Yade

the displacement diagram using periodic boundary

Asked by liukeqi

Hi,
   I used a cubic model to simulate the behaviour of concrete under pressure load in the y direction. The boundary condition is periodic boundary. I used O.cell.velGrad to reach the goal strain. The goal strain is (0.06,0,0,0,-0.08,0,0,0,0). After the simulation, I output the particles' displacement diagram of a slice of the model along xy plane. I think the particles' displacement should be along on both sides of the x axis just like Figure 18(a) in [1] which used non periodic boundary(change the z direction to x direction). But the result indicates the particles' displacement are basically all along the positive direction of the x axis. I do not know why.
  If I run my code and used the "show 3D" button, I found the cell only deform toward positive direction of x and negative direction of y. The phenomenon also imply the same characteristic that the particles' displacement are basically all along the positive direction of the x axis. If I want to output the same result as [1] but use the periodic boundary, how to do it?

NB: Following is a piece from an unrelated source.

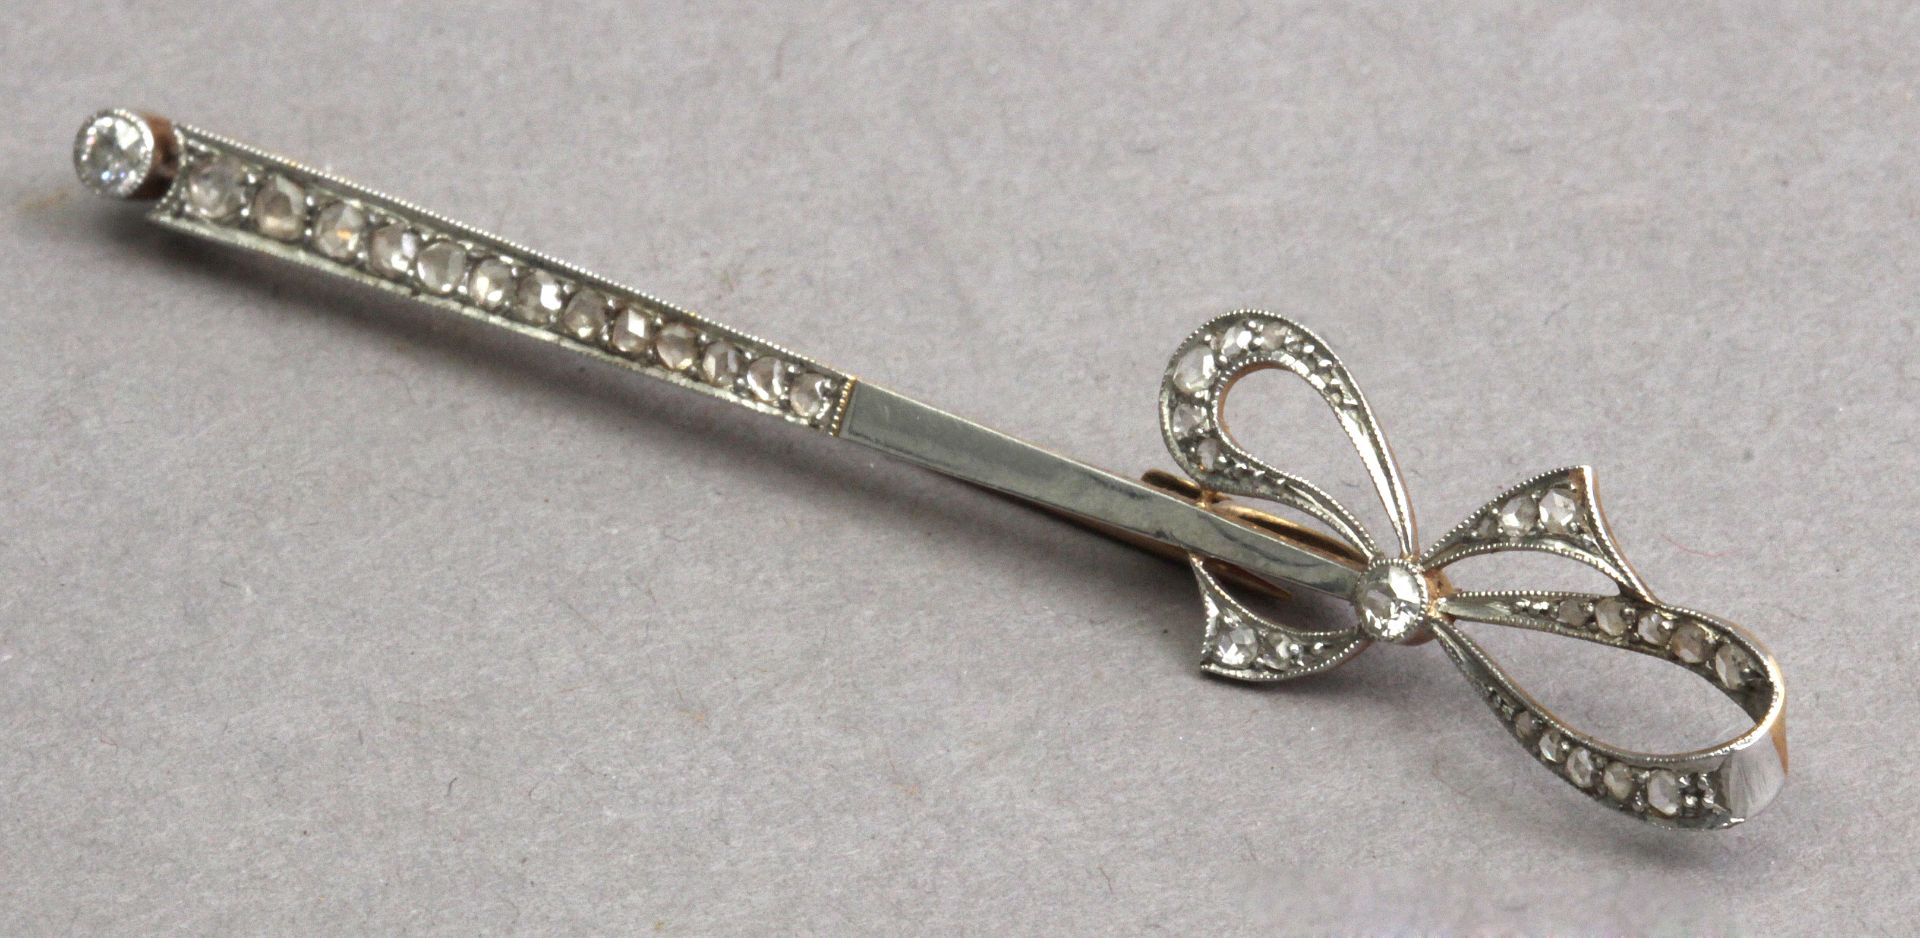 An early 20th century Belle Époque diamond tie pin with an 18 k. yellow gold and platinum setting - Image 3 of 4

Can you give me some suggestions? My code is following.

Thank you.
Liu keqi

[1]http://ac.els-cdn.com/S0958946511000096/1-s2.0-S0958946511000096-main.pdf?_tid=71db5f42-d73d-11e6-b33a-00000aacb35f&acdnat=1484057138_e43f8ec5025799056019cb047b1ece96

#############################################################
#!/usr/bin/python
import string
from yade import plot,qt
from yade.pack import *
from yade import pack, plot

O.materials.append(CpmMat(young=24e9,density=4800,frictionAngle=atan(0.8),poisson=0.2,sigmaT=600e6,epsCrackOnset=1e-4,relDuctility=35))

initSize=0.025

sp=pack.randomPeriPack(radius=.000625,initSize=Vector3(initSize,initSize,initSize))
O.periodic=True
sp.toSimulation()

O.dt=1e-7

EnlargeFactor=1.5
EnlargeFactor=1.0
O.engines=[
 ForceResetter(),
 InsertionSortCollider([Bo1_Sphere_Aabb(aabbEnlargeFactor=EnlargeFactor,label='bo1s')]),
 InteractionLoop(
  [Ig2_Sphere_Sphere_ScGeom(interactionDetectionFactor=EnlargeFactor,label='ig2ss')],
  [Ip2_CpmMat_CpmMat_CpmPhys()],[Law2_ScGeom_CpmPhys_Cpm()]),
 NewtonIntegrator(),
]

dstrain = utils.Matrix3(0.06,0,0,0,-0.08,0,0,0,0)
ns=4000
O.cell.velGrad=dstrain/(ns*O.dt)
O.step()
bo1s.aabbEnlargeFactor=ig2ss.interactionDetectionFactor=1.
O.run(); O.wait()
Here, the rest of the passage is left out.